(DATASET EXTRACT)
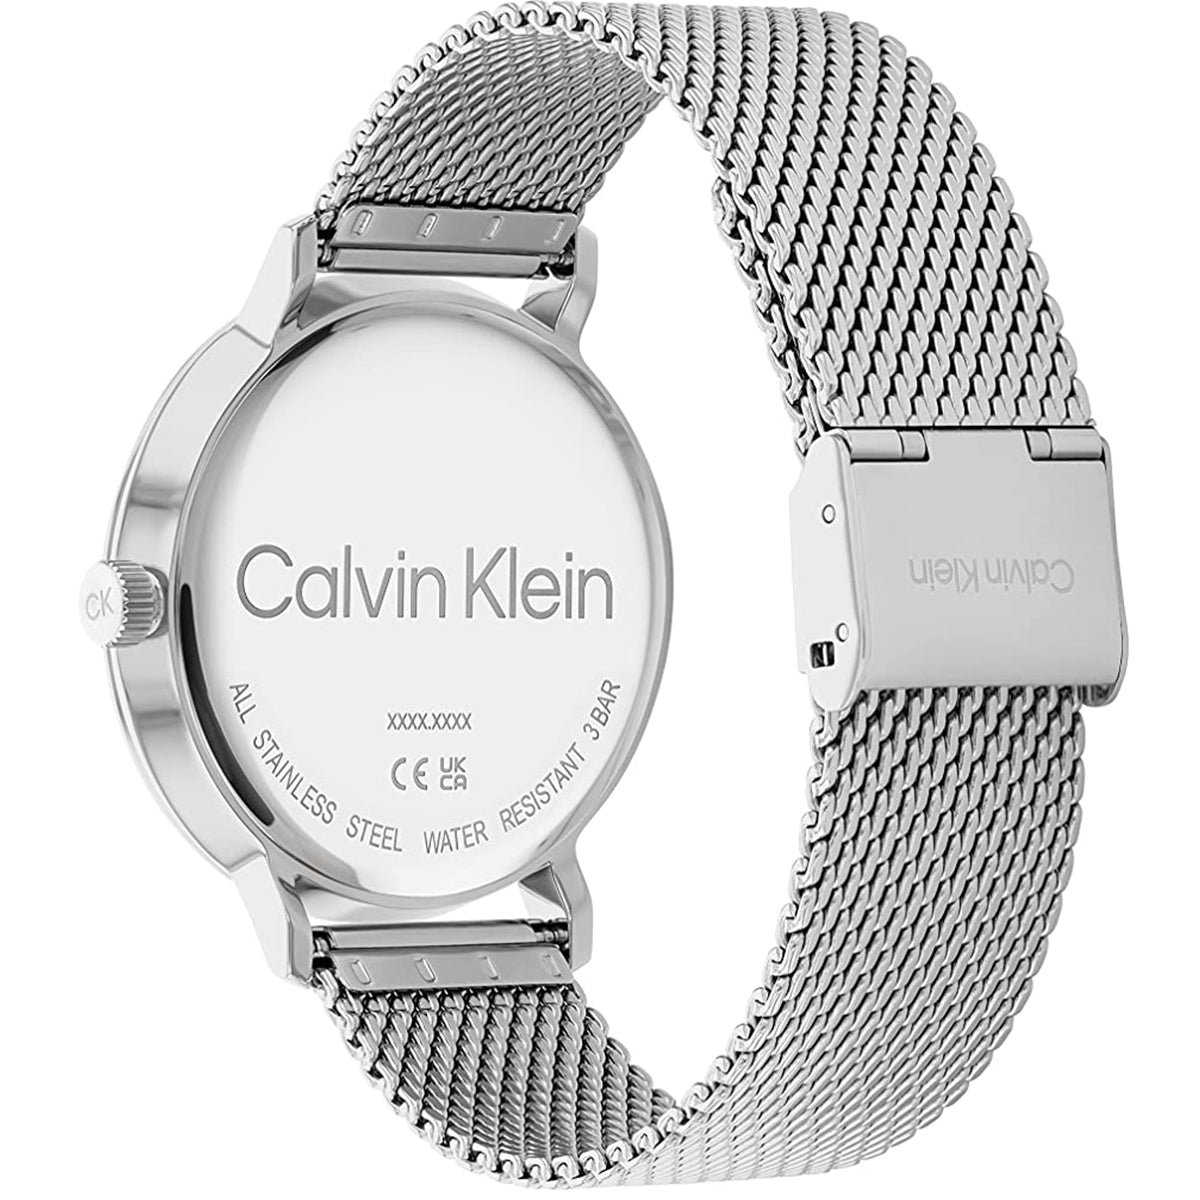 Calvin Klein - Timeless - 25200045
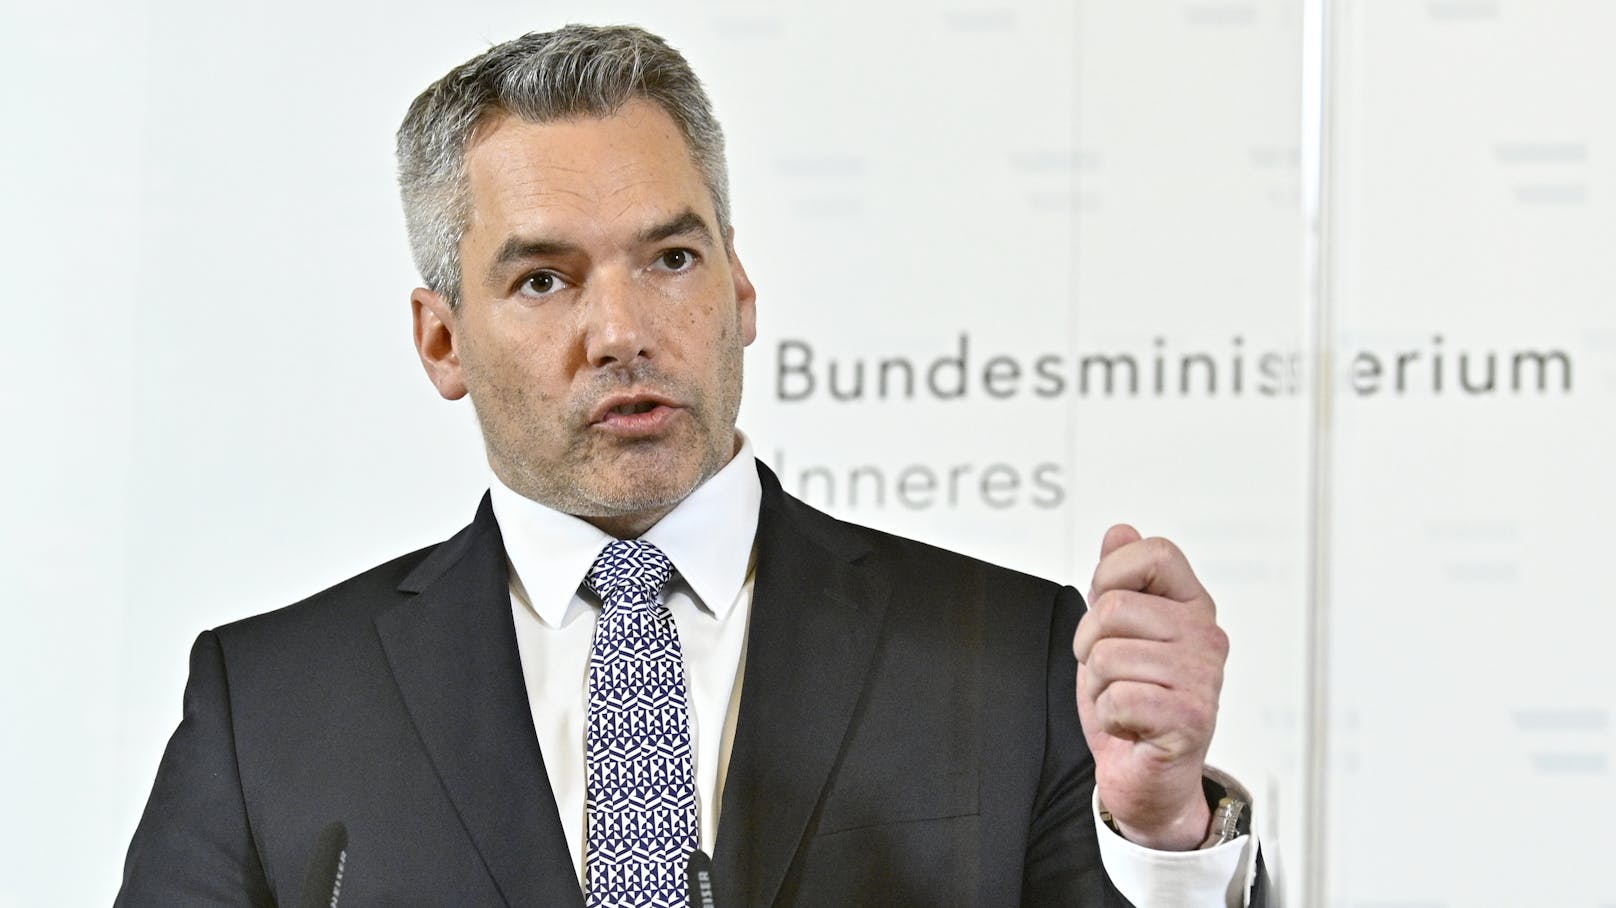 Innenminister Karl Nehammer
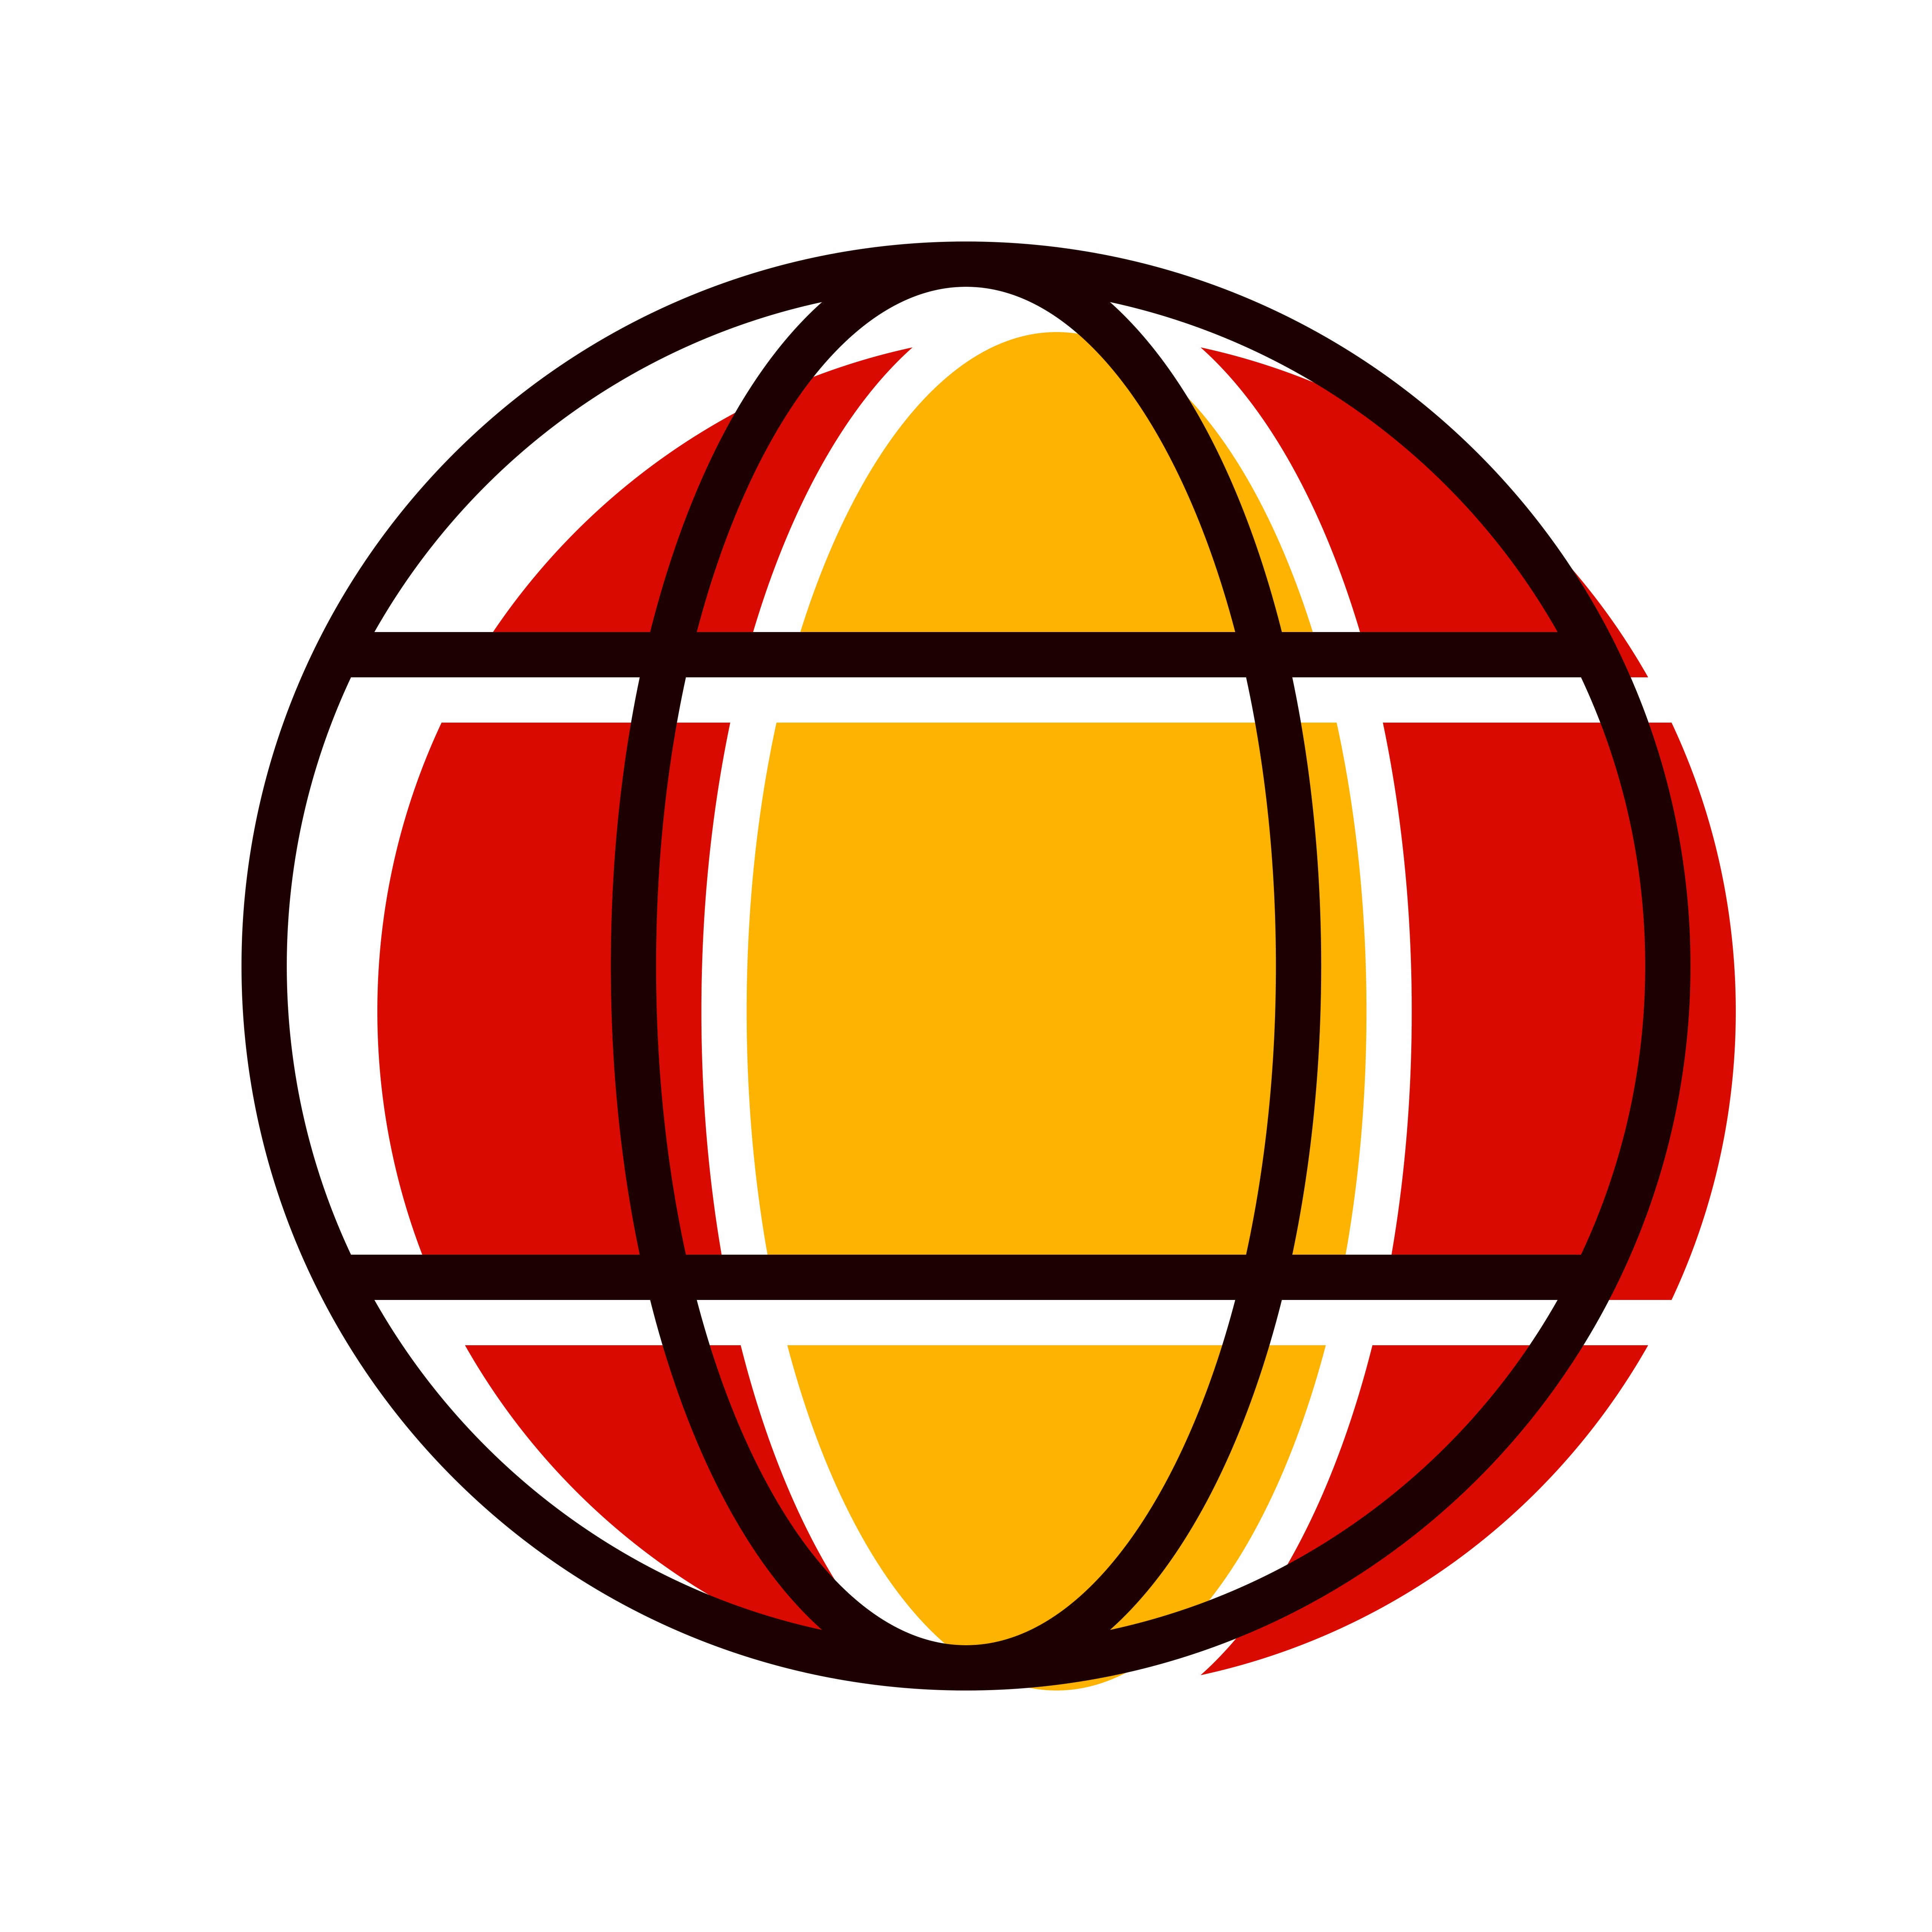 Download Globe Icon Design - Download Free Vectors, Clipart ...
(End DATASET EXTRACT)
◆ ACTIVITY: With pictures excluded, restate word for word the lines from the one that contains "Innenminister Karl Nehammer" through the end of the material, inclusive, and nothing more.

◆ ANSWER FOR THIS EXERCISE:
 Innenminister Karl Nehammer
 Download Globe Icon Design - Download Free Vectors, Clipart ...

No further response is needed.